Déterminer la cause de la mort. La personnalité du meurtrier présumé et de la victime, la scène du crime, le théâtre du drame ont valu à cette affaire en eaux troubles un retentissement mondial. Selon l'acte d'accusation, à l'intérieur du Nautilus, l'inventeur danois a infligé de multiples sévices à la jeune femme avant de la tuer, de découper son corps et d'en jeter les morceaux par dessus bord. Torse, tête, bras, jambe ont été retrouvés l'un après l'autre dans la baie de Køge, près de Copenhague. Les recherches entamées dès l'annonce de la disparition de la trentenaire en août se sont achevées en janvier. Elles ont également permis de retrouver les téléphones portables de la victime et de l'accusé. Si Madsen affirme que Kim Wall est morte à bord par accident, ni ses explications, changeantes, ni l'autopsie, n'ont permis de déterminer la cause de la mort : comment et pourquoi ? C'est tout l'enjeu du procès.

 

Un acte prémédité selon les enquêteurs. Les enquêteurs sont convaincus qu'il avait prémédité son acte en apportant à bord du sous-marin scie, couteau, tournevis affûté, sangles et colliers de serrage notamment. L'autopsie a révélé 14 plaies internes et externes au niveau du sexe de la victime, dues à un objet coupant et infligées alors qu'elle était encore vivante. L'accusation soutient que Peter Madsen a tué Kim Wall afin de satisfaire un fantasme sexuel, ce qu'il nie. Aucun mobile n'apparaît cependant clairement et l'avocate de l'inculpé, Betina Hald Engmark, ne s'exprime quasiment pas.

Un homme capable de violences.
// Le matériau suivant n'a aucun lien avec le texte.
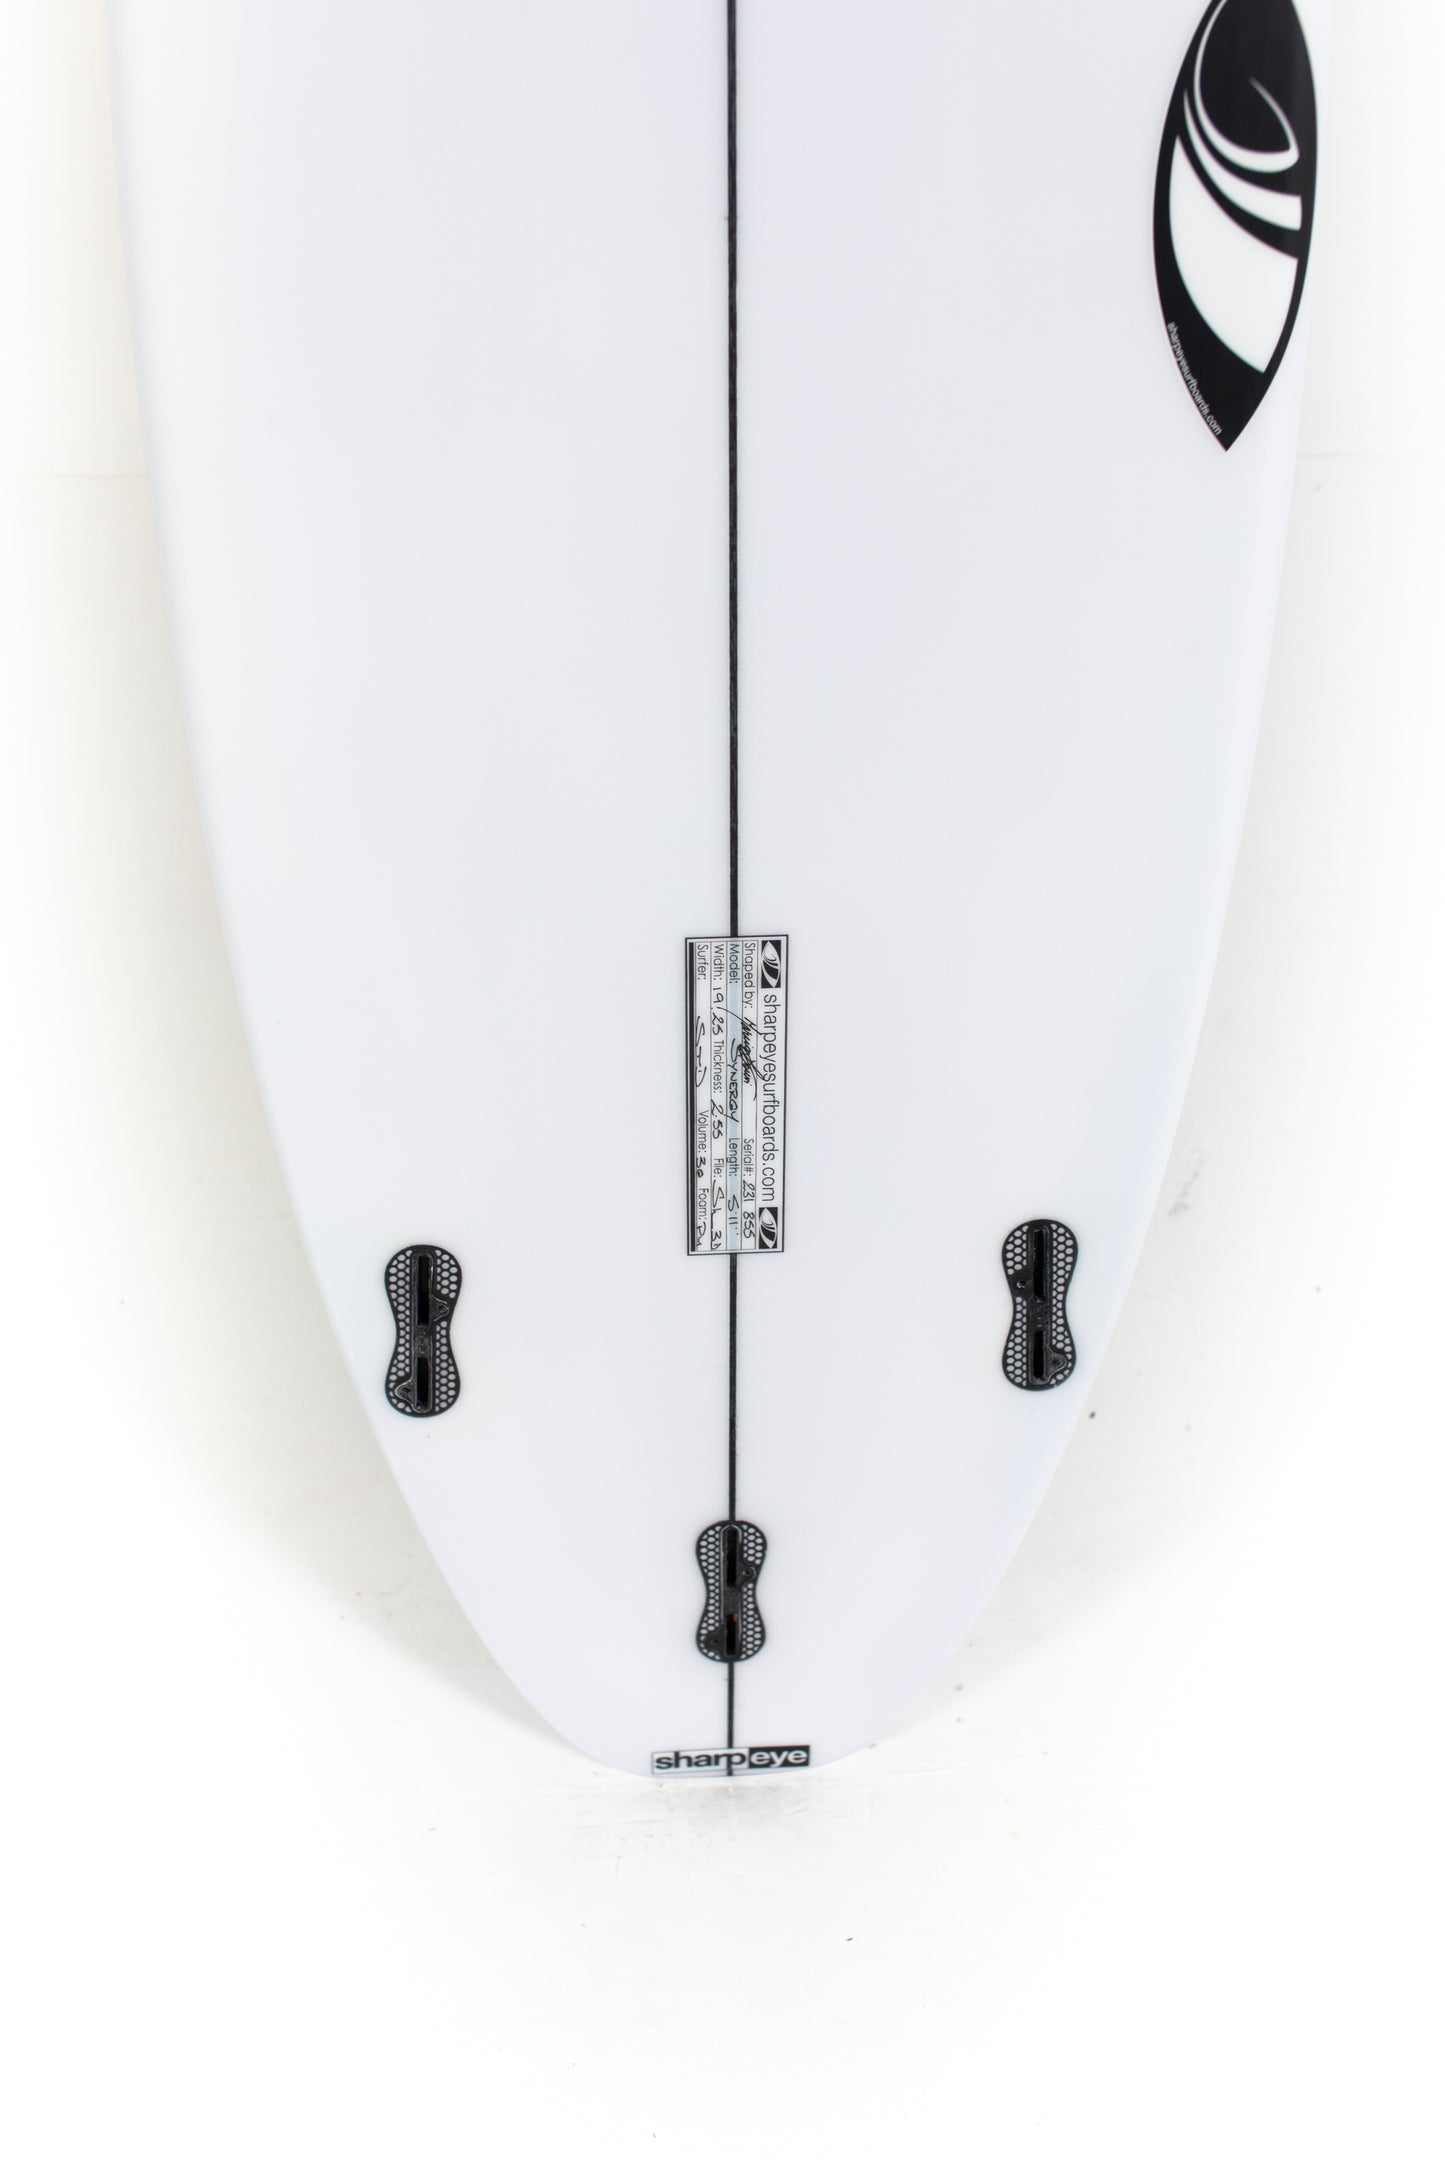 Sharp Eye Surfboards - Synergy by Marcio Zouvi | Shop at PUKAS

Auteur et témoin unique des faits, seul Madsen peut répondre aux questions que se posent les proches de Kim Wall. "Un homme créatif décalé, anti-establishment, qui a construit son propre sous-marin et ses propres fusées, et qui s'est avéré avoir un côté complètement obscur", commente Frank Hvilsom, qui suit les affaires criminelles pour le quotidien de référence Politiken. Ceux qui l'ont connu le décrivent en homme autoritaire, imprévisible, capable des plus violents emportements.
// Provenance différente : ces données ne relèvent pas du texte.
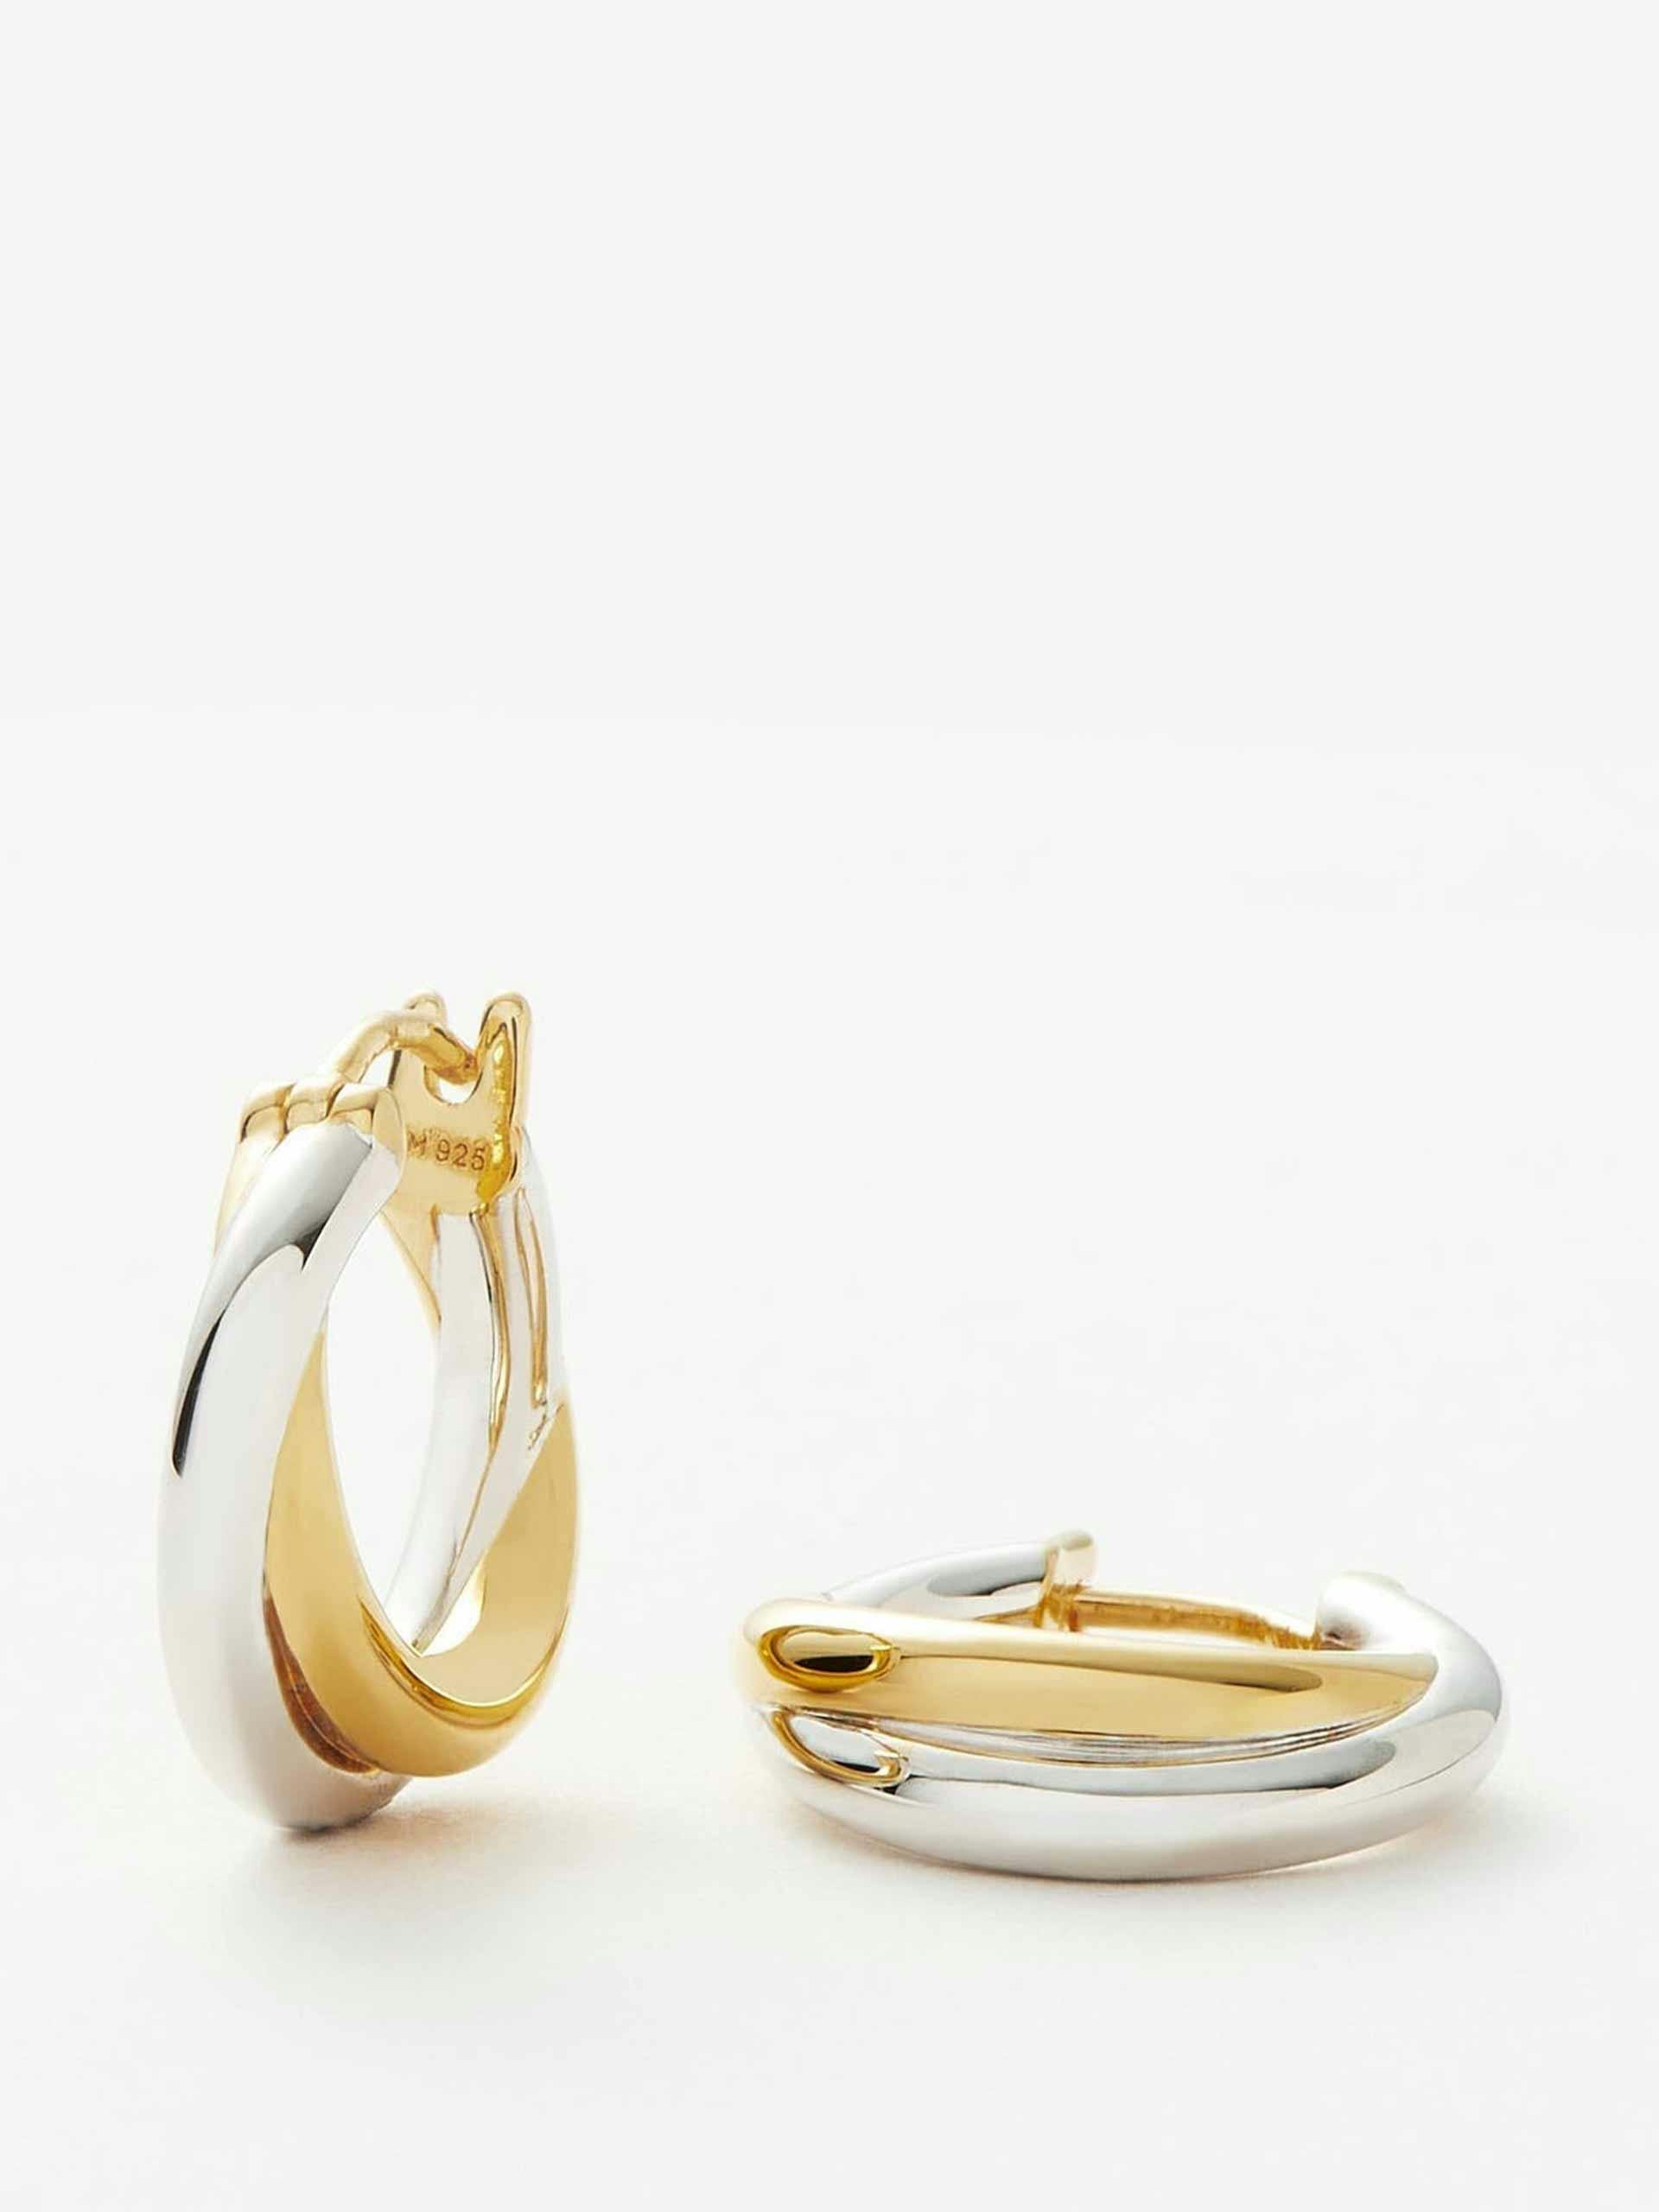 Gold and silver tone hoop earrings

Kim Wall, une brillante journaliste. Brillante journaliste, Kim Wall avait elle exercé sur tous les continents et collaboré avec The Guardian et le New York Times. Elle était fascinée par les destins singuliers et souhaitait faire le portrait de Madsen, 47 ans. "Elle a fait des choses intéressantes sur la Chine, elle est allée en Ouganda, en Corée du Nord, elle pouvait vraiment donner vie aux personnes dont elle racontait les histoires", a témoigné l'une de ses collègues au South China Morning Post, un quotidien de Hong Kong. Le 10 août, à quelques jours de son départ pour la Chine, où elle devait s'installer avec son compagnon danois, elle avait quitté la fête qu'ils organisaient avant leur départ pour réaliser l'interview. Montée à bord du sous-marin vers 19h, elle avait pris la mer avec l'inventeur et n'était jamais revenue.